3.2. Effect of Individual N-Linked Glycosylation on the Levels of Expression, Surface Presentation, and Receptor Binding of SARS-CoV-2 S Proteins
The SARS-CoV-2 S protein contains 22 putative N-linked glycosylation sites, 13 in the S1 subunit and 9 in the S2 subunit (Figure 2A). We determined which glycosylation site(s) might affect S protein folding and maturation. The asparagine (N) residue in each glycosylation site (NxT/S) was substituted with glutamine (Q) to remove the N-linked glycosylation. Individual single mutations had almost no effect on the expression levels of the FL S proteins, whereas 9 out of 22 mutants showed a marked decrease in the levels of cleaved S proteins compared to cells expressing the WT S protein (Figure 2B). The N61Q, N343Q, and N801Q mutants resulted in levels of cleaved S proteins only slightly above the background levels, and the N122Q, N165Q, N331Q, N717Q, N1098Q, and N1173Q mutations also resulted in a marked reduction in levels of cleaved S proteins, indicating that N-linked glycosylation might have a significant effect on S protein folding and maturation.
Next, we evaluated the levels of individual mutant S proteins on the cell surface and their ability to bind to their cognate receptor, hACE2. This value was determined via flow cytometry. As shown in Figure 2C,D, the levels of each mutant S protein on the cell surface and the associated levels of receptor binding were largely consistent with the amounts of the cleaved S proteins in the cell lysate.
3.3. Effect of Individual N-Linked Glycans on SARS-CoV-2 S-Mediated Cell–Cell Fusion and Pseudovirus Entry
To investigate whether each individual N-glycosite affects S protein-mediated membrane fusion, we measured the levels of mutant S protein-mediated cell–cell fusion. Most of the mutants induced cell–cell fusion at levels comparable with the amount of fusion induced by the wild-type S protein. However, N61Q-, N122Q-, N165Q-, N331Q-, N343Q-, N801Q-, and N1074Q-mediated cell–cell fusion was significantly impaired, a result consistent with the markedly lower expression of these mutant S proteins on the cell surface (Figure 3A,B).

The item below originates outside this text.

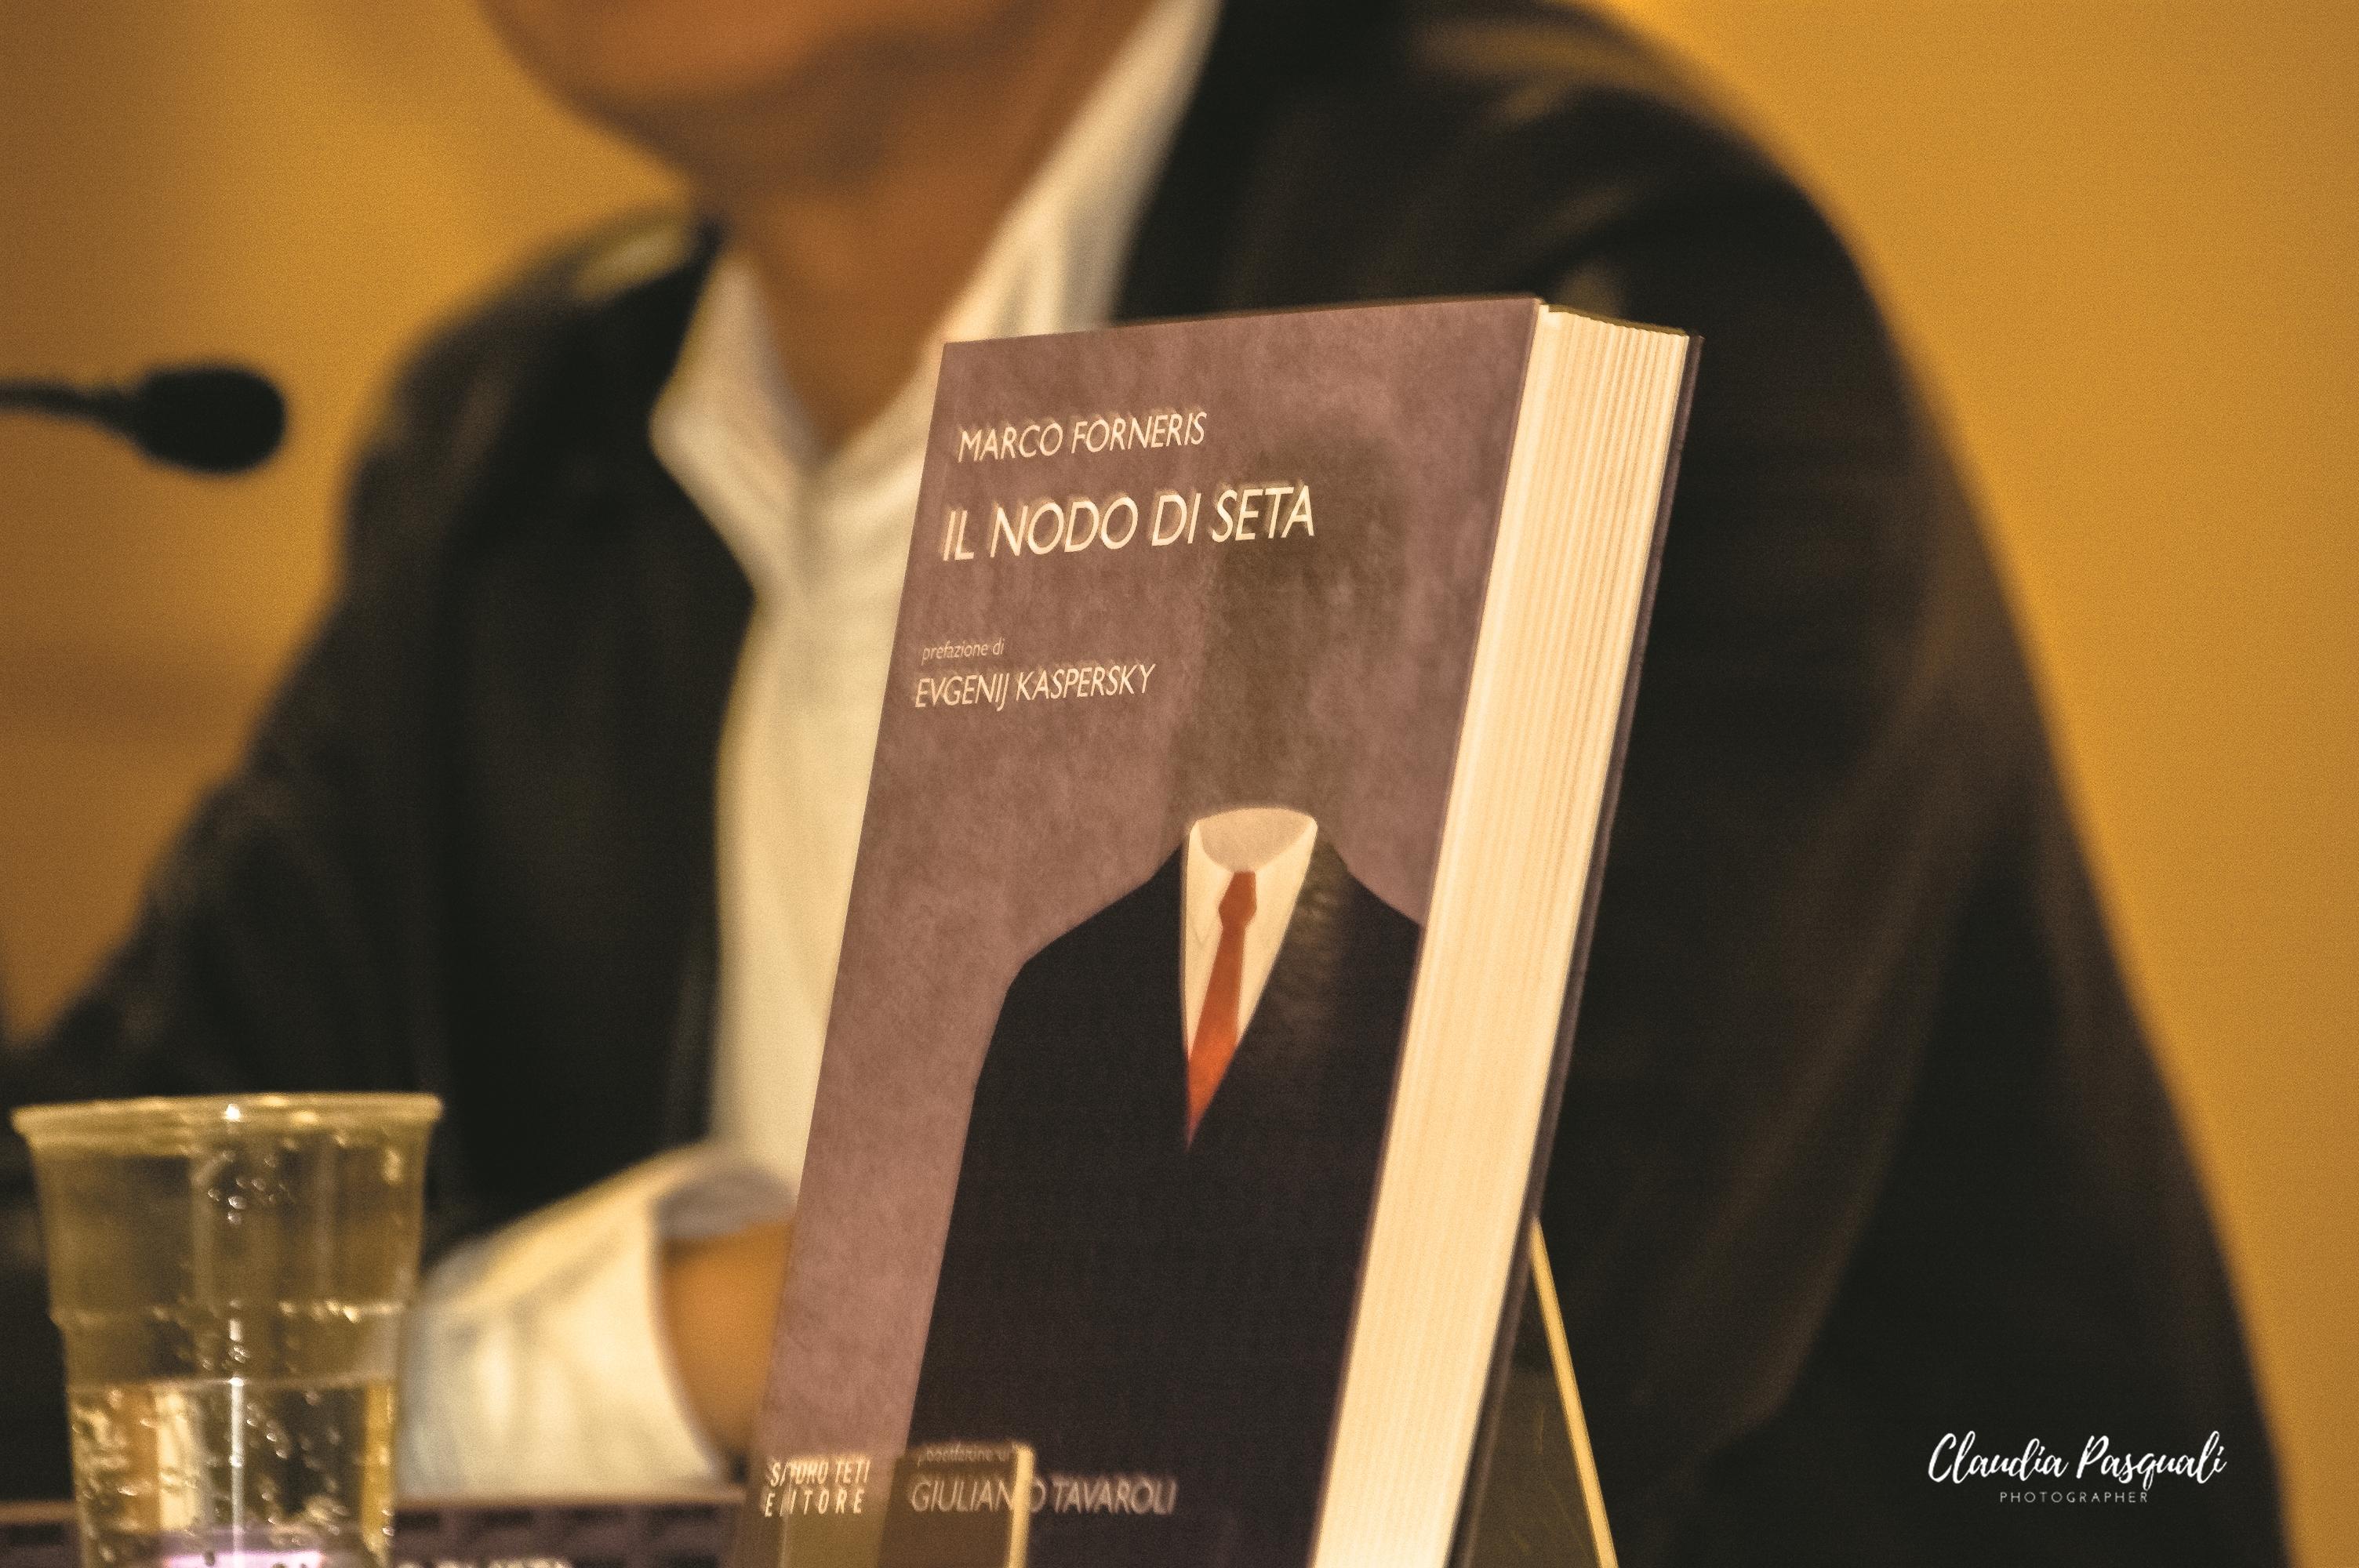 """Presentazione del libro di Marco Forneris """"Il nodo di seta"""" a Più Libri Più Liberi."""

3.4. Effect of SARS-CoV-2 S Protein N-Glycans on S Protein-Mediated Viral Entry
To further characterize the role of individual N-glycosites of the SARS-CoV-2 S protein in S-mediated membrane fusion, we used a lentiviral pseudotype system to evaluate mutant S protein-mediated viral entry. The majority of the mutant S proteins were associated with a reduction in transduction efficiency to various degrees (Figure 4A). Compared to that of the WT S protein, the transduction efficiencies of the N61Q, N122Q, N343Q, and N801Q mutants were reduced more than 10-fold, whereas the N165Q, N331Q, N657Q, N717Q, and N1098Q pseudovirus mutants showed more than 5-fold but less than 10-fold reductions in infectivity. Overall, the transduction efficiency of the mutant S proteins largely correlates with the levels of S protein incorporation into the pseudovirions (Figure 4B). The N61Q, N122Q, N165Q, N331Q, N343Q, N717Q, N801Q, N1098Q, and N1173Q mutants showed a marked reduction in S protein incorporation into pseudovirions to various degrees (Figure 4B), a finding consistent with their relatively low expression levels in cell lysates (Figure 2B).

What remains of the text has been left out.